Q: What’s your return policy?
A: If it’s damaged, defective, or just DOA, we’ll either refund or replace it at our discretion. Just fill out our support form and tell us all about it.
We DO NOT accept returns if you just decided you didn’t want it, don’t like the color, or just feeling a little buyer’s remorse. You might try eBay - with as cheap as you probably got it, you could even end up making a little off it. Or hone your reputation for generosity by giving it to someone a little less picky.
Q: What can’t I say in the community?
A: Spam sucks. Personal attacks are lame. Bias should be acknowledged.
Q: How can I contact you?
A: At our support form. You can find it in our footer, too.
Q: But how do I talk to a real person on the phone?
A: Nope, we don’t do that. Call someone you truly like, or who likes you (Hi Mom!). Besides, email support is cheap, and so are we.
Q: What’s the warranty on this thing?
A: Warranty and product specs are at the top of the discussion for that deal, in our forum.
Q: I’m offended by that product/your story/that video/you – to whom do I complain to get you to change your ways and behave more professionally?
A: If you’re offended, then, to paraphrase Obi Wan, these aren’t the experiences you’re looking for. Leave if you don’t like us.
Q: Can I send an item as a gift? Can you giftwrap it?

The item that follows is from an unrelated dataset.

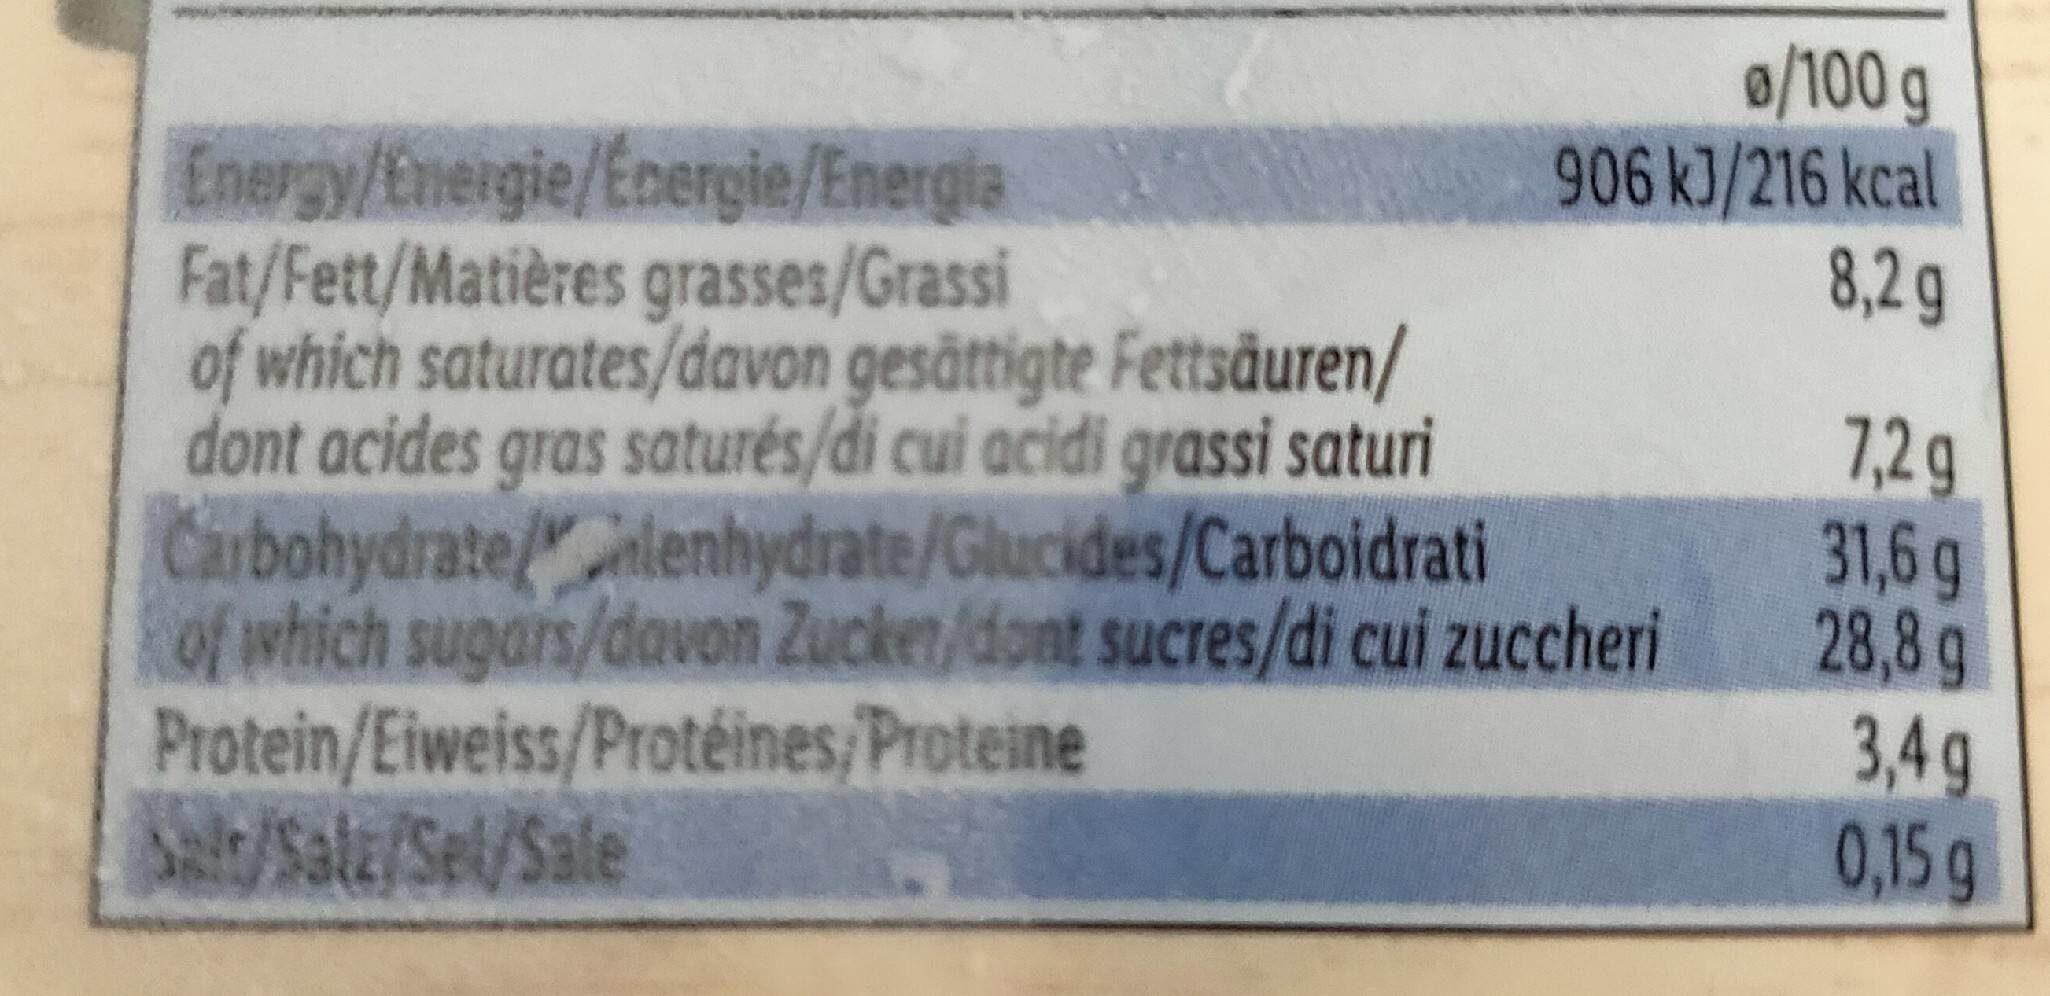 Noblissima Creme Brulee - Nutrition facts - fr

A: Yes of course you can send an item as a gift, that seems very nice and thoughtful. But no we don’t offer gift-wrapping. Seriously, you wouldn’t want us gift-wrapping anything.
Q: What payment methods do you accept?
A: Currently Visa, Mastercard, American Express, and Discover. Not Paypal. And no, you crazy weirdos, not Bitcoin.
Q: Can I order using my phone / tablet / mobile device? Where do I get the app?
A: Yep, we made it easy for you to buy our crap from most anything mobile. But you don’t need an app, the site’s responsive, so it should work just fine on your phone or tablet.
Q: How do I change my password, update my email or mailing address, etc?
A: Click that little head in a circle at the top of the site. Or, you know, go here.
Q: How do I track my order?
A: Our advice: live your life for a week or two, your thing will just show up. But if it’s been awhile, check My Orders (which is also in our footer), we’ll put a tracking number there when it’s shipped.
Q: Do you have an RSS feed? I’m not a 16-year-old so I don’t use Twitter.
A: Yes. Point your feed reader to: https://meh.com/deals.rss
Q: Do you have an API? I’d like to build a tracker, widget, doodad.
A: Yes. API details here: https://meh.com/forum/topics/meh-api
Q: You seem smart and awesome and attractive. Can I work for you?
A: Aw shucks. But no, really, are you sure you want to? If you’re willing to throw caution to the wind, check our current opportunities here.